O Mestre, que traduzia a verdade da palavra ao ato, dizendo “não te condeno”, revelou dois princípios da mais alta relevância, como veremos.

Tendo ensinado que deveríamos perdoar, o que pelo óbvio deve-se entender no mínimo setenta vezes sete e, como não estabeleceu tempo, fica na dependência da capacidade de compreensão de cada um, da fragilidade do seu semelhante.

Ao examinarmos o Evangelho, não encontramos um só ato exemplificado pelo Mestre: “Eu, o Mestre, te perdoo”. Isto difere-se substancialmente de: “Perdoados são teus pecados”, e na cruz: “Pai, perdoai-lhes”.

Por que “não te condeno”?

Antes, pensemos: O que é um fato? Fato é o conceito que fazemos das coisas e expressamos pela palavra, que pode ferir a um concreto ou abstrato.

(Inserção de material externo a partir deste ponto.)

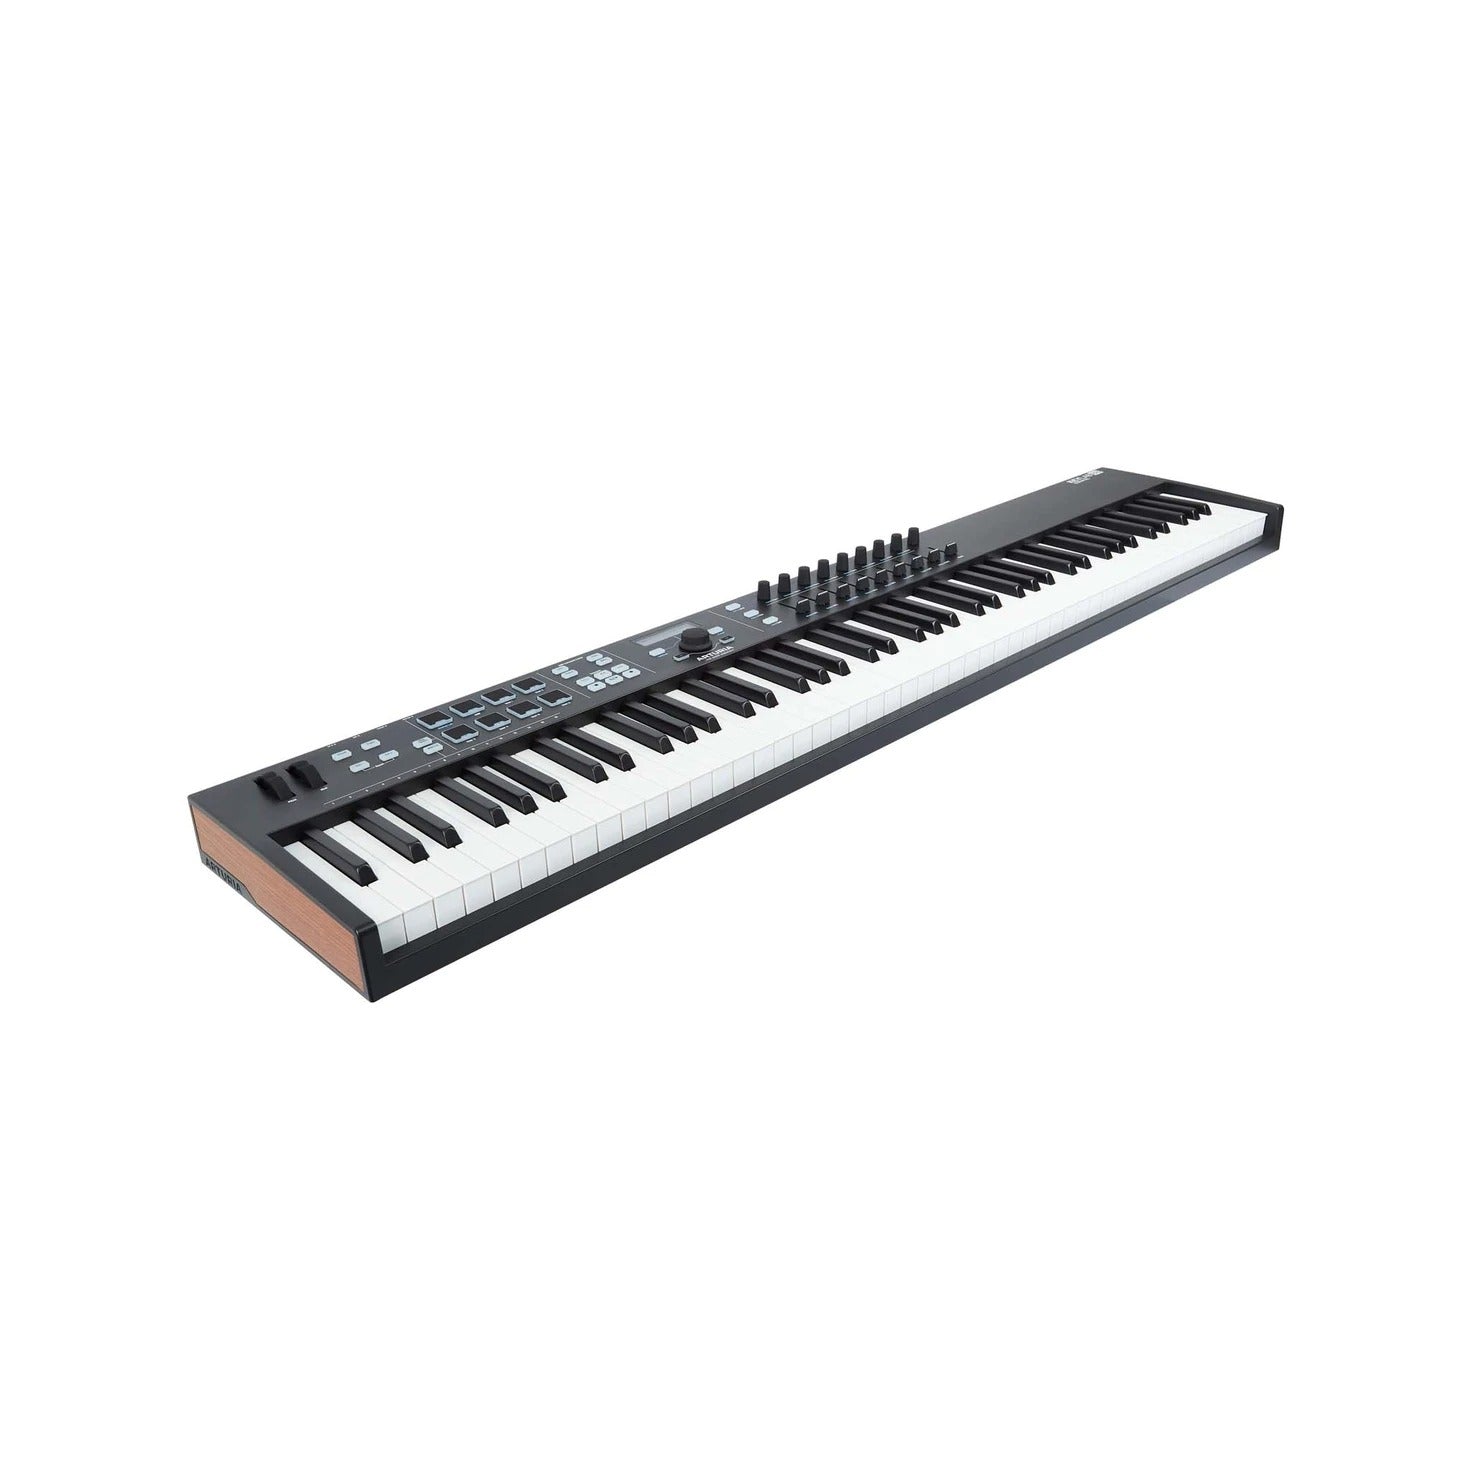 MIDI Keyboard Controller Arturia Keylab Essential 88 - Việt Music
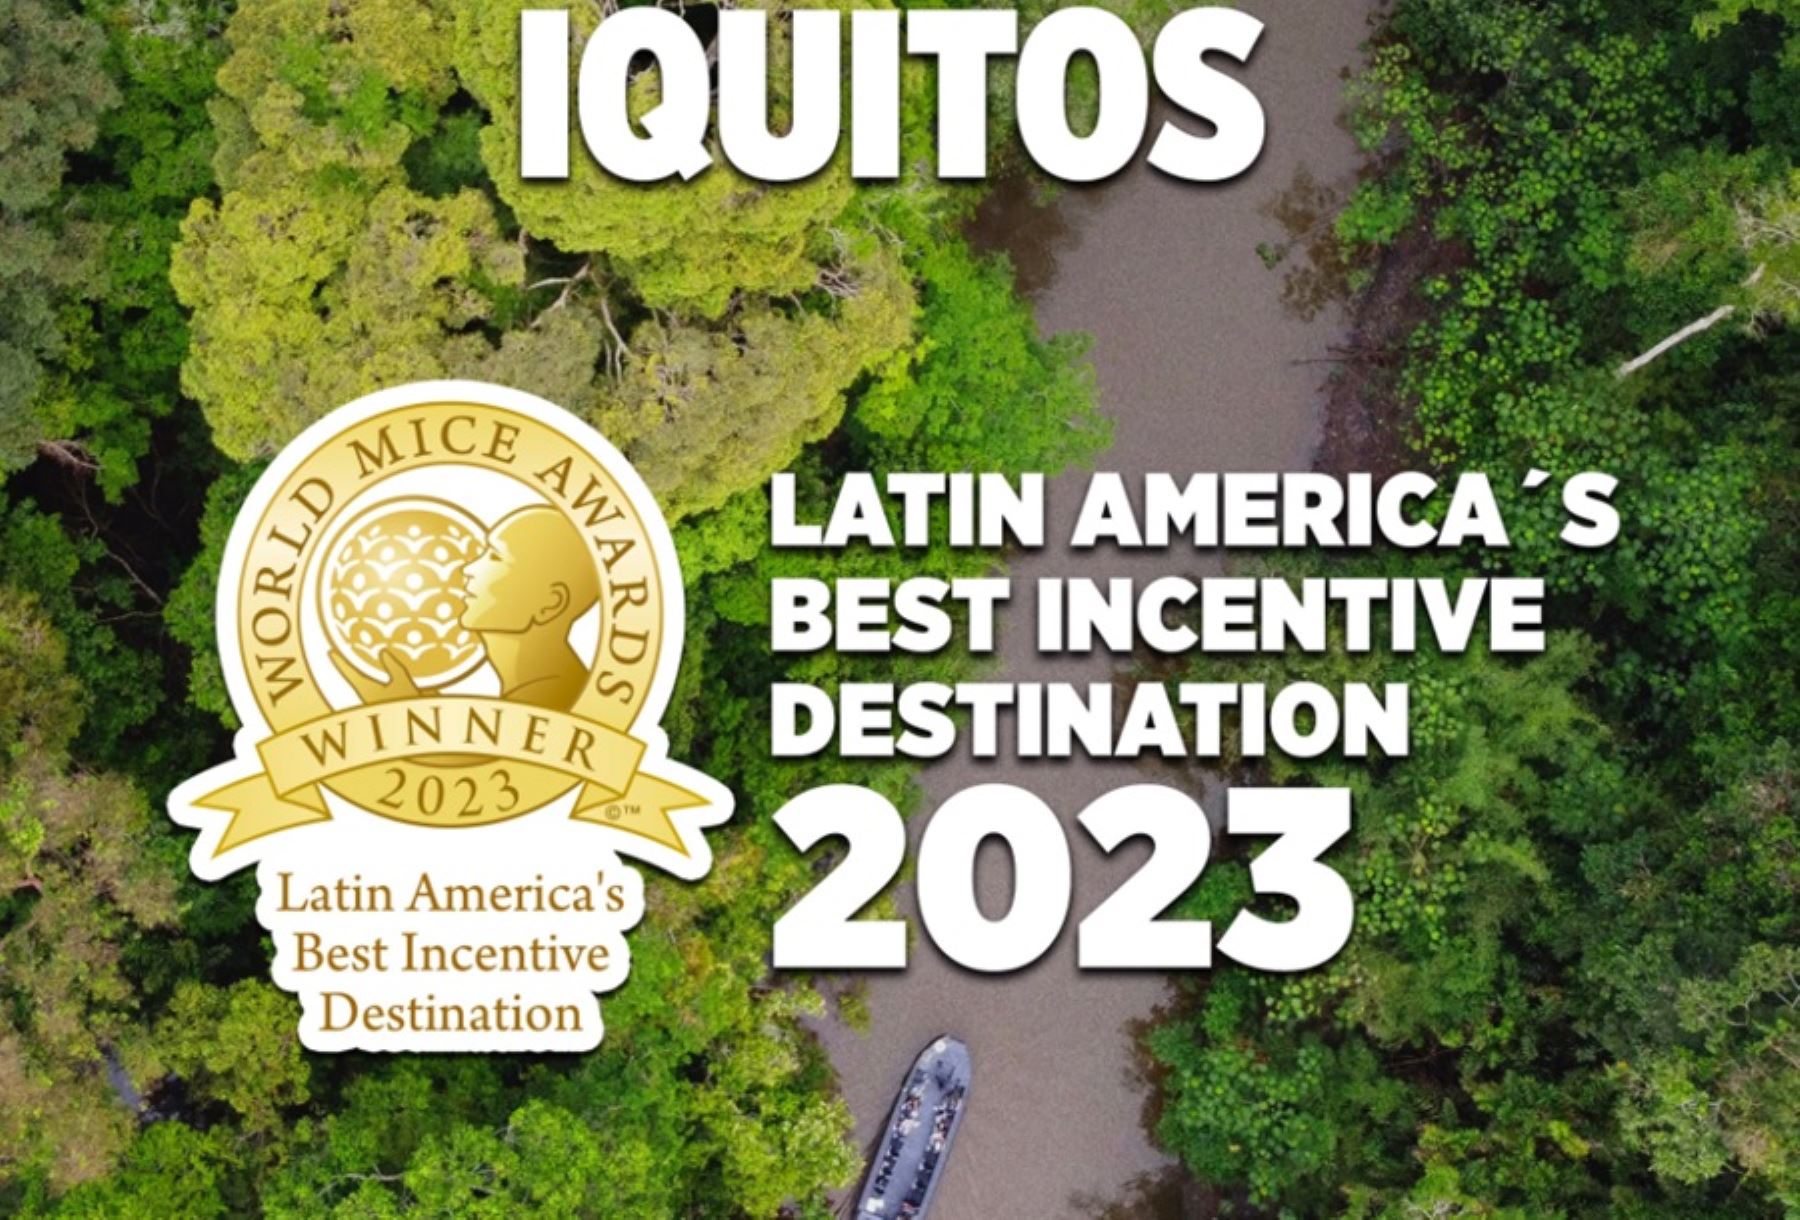 La ciudad de Iquitos, capital de la región Loreto, fue reconocida como Mejor destino de incentivos de América Latina por los World MICE Awards.

O que é um ato? Ato é proceder não missível, mas sensível em seus efeitos como fato.

Como o fato é o conceito que fazemos das coisas, podemos entender seja esse, concreto ou abstrato, desde que nos sensibilize.

“Não te condeno”, não exprime conceito como fato gerado por um ato, o que se entende por desconhecer o fato.

Assim, não há sensibilidade gerada por um fato. S e a mulher não era esposa do Mestre e, por isso, Ele não fora afetado pelo fato, torna-se evidente que nada tinha a perdoar, o que entende-se, que só pode perdoar quem de alguma forma se sente afetado pelo fato, quer no moral, no físico ou material.

Só pode não condenar, portanto, quem não se sente de alguma forma atingido pelo fato. Sentir aqui é sentir mesmo, não admitindo sinônimo, porque se compreende a avaliação e valorização da sensibilidade vivida e que, só após, poderá sobrevir o perdão.

Não há perdão que encontre raiz nesta verdade. Não pode perdoar, portanto, quem não sentiu o efeito do ato (no fato abstrato, sensibilidade).

Se o afetado na sensibilidade pelo fato, usa a frase: “não te condeno”, dá a esta uma conotação exterior e outra interior. Na aparência desconhece o fato, mas no íntimo não pode negar ter sentido os seus efeitos.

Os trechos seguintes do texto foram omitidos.